Tactical Knives (Nov. 2003), the same issue as the one that has the ten top instructors, has an article on Ken Onion's Steven Seagal knife. See:
http://www.bkcg.co.uk/products/manu/kershaw/ks1680.html

It says that Mr. Seagal is a "gun nut" who also likes knives.


----------



## Cruentus (Aug 27, 2003)

I think Kershaw is just riding on his name...at least that's what it looks like.:shrug:


----------



## M F (Aug 28, 2003)

> I think Kershaw is just riding on his name


I agree, to a point.  Kershaw has been producing Ken Onion designs for quite some time, and they sell very well.  I have handled almost all of the kershaw/Onion knives, and all are good sellers for good reason.  Good materials, good workmanship, reasonable prices.  And last but not least, Ken Onion designs knives that are very ergonomic.  They feel nice in your hand.  I believe this design is modeled after a custom knife that Onion made personally for Steven Seagal.  That said, I am sure the Seagal name is there for that added punch.


----------



## OULobo (Aug 28, 2003)

I definitly think they are riding the name, but I don't see why. Segal is not on top of the film or martial arts worlds right now and isn't known as much of a knife fighter or knife instructor. I don't really see the draw, especially in a tactical mag. I like Kershaw stuff for affordability and utility (and I like the leverage assist wigit they put on some models), but they don't rank high on my tactical scale. I handled some Onion stuff and I liked them. I think it would've been easier to push it to tactical guys by using just his name, but I guess adding an film star's name to list can always help draw in the weird stuff collectors.


----------



## Phil Elmore (Aug 28, 2003)

The whole point in releasing a signature knife of that type is to gain sales through the association with the name.  They'd admit that, I am sure, if anyone asked them.  Seagal has plenty of fans despite falling from favor with the decline of his movies -- I imagine they figured his name would indeed help sell knives.  I don't see a problem with that.


----------



## TallAdam85 (Aug 31, 2003)

it looks cool just wonder if it is like steven's movie life Good and works alot at first that does not work much and bad after a while with the knife.

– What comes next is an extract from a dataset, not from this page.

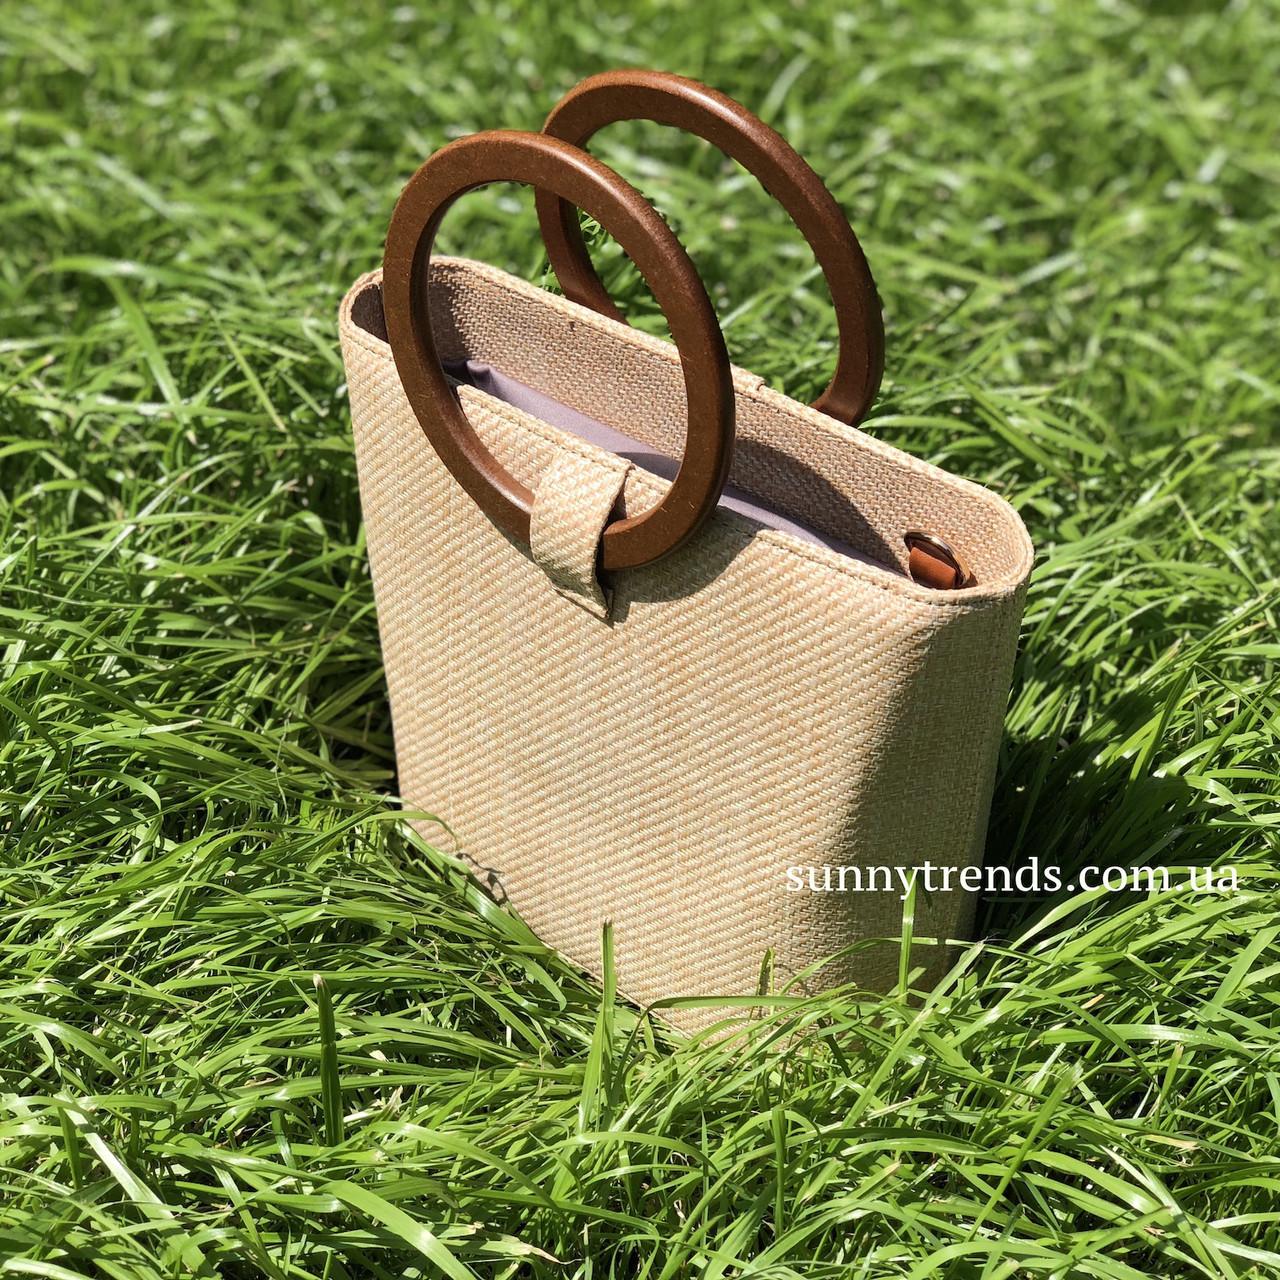 d1b42a14429c Сумка плетеная соломенная с ручками из бамбука бежевая: продажа ...
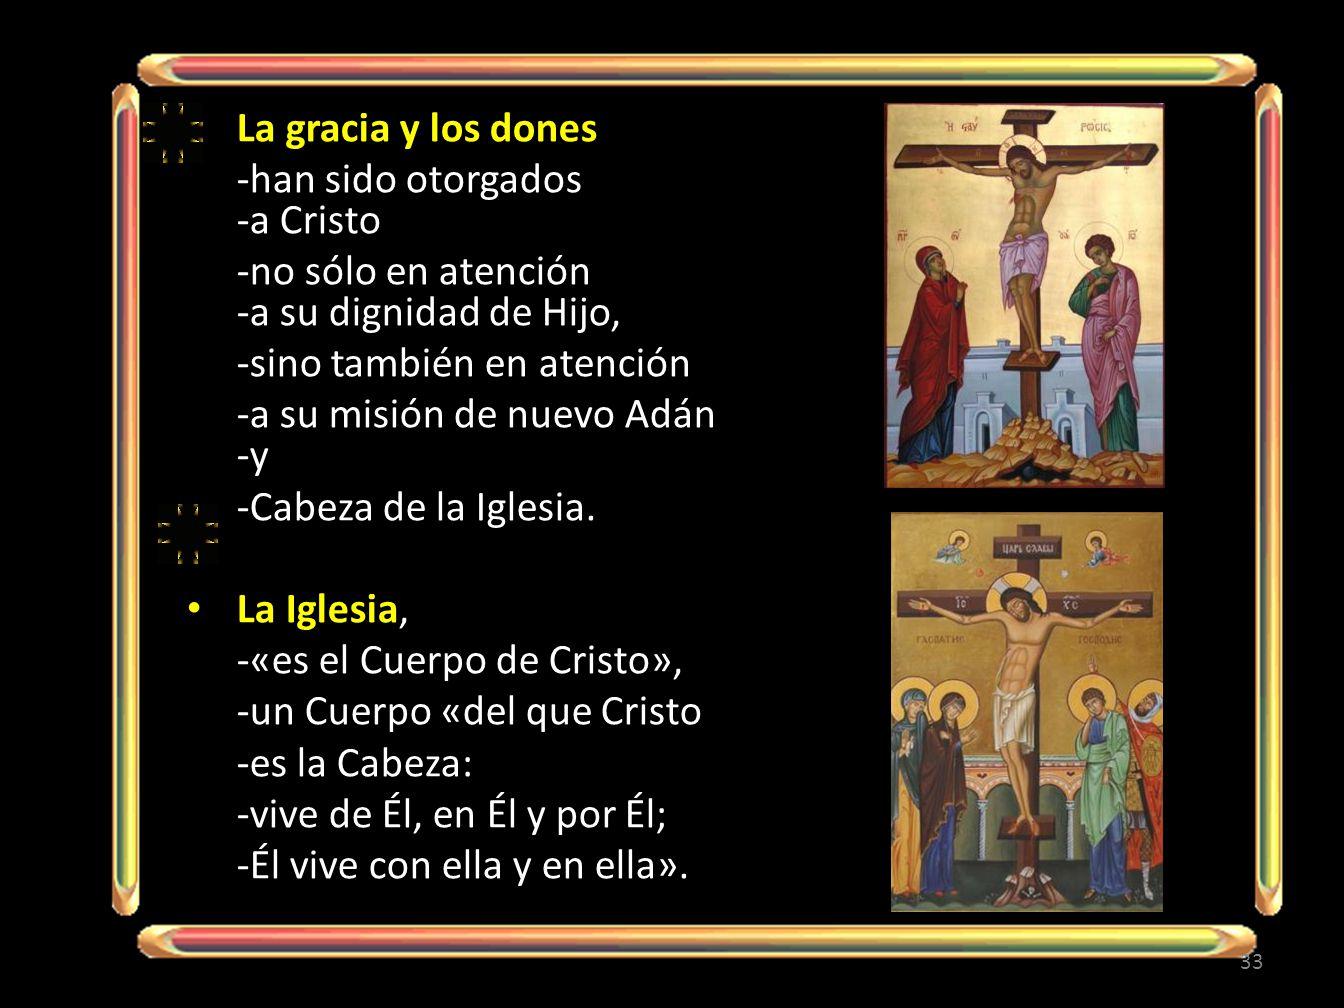 La gracia y los dones -han sido otorgados -a Cristo -no sólo en atención -a su dignidad de Hijo, -sino también en atención -a su misión de nuevo Adán -y -Cabeza de la Iglesia.

I like OLD School Segal What happen to the 210 person was  he eatten by the segal now lol?


----------



## arnisador (Sep 2, 2003)

From Roger Ebert's review of Half Past Dead:



> Seagal's great contribution to the movie is to look very serious, even menacing, in closeups carefully framed to hide his double chin. I do not object to the fact that he's put on weight. Look who's talking. I object to the fact that he thinks he can conceal it from us with knee-length coats and tricky camera angles. I would rather see a movie about a pudgy karate fighter than a movie about a guy you never get a good look at.


----------



## Kroy (Sep 25, 2003)

Regardless, it's still a good looking knife.


----------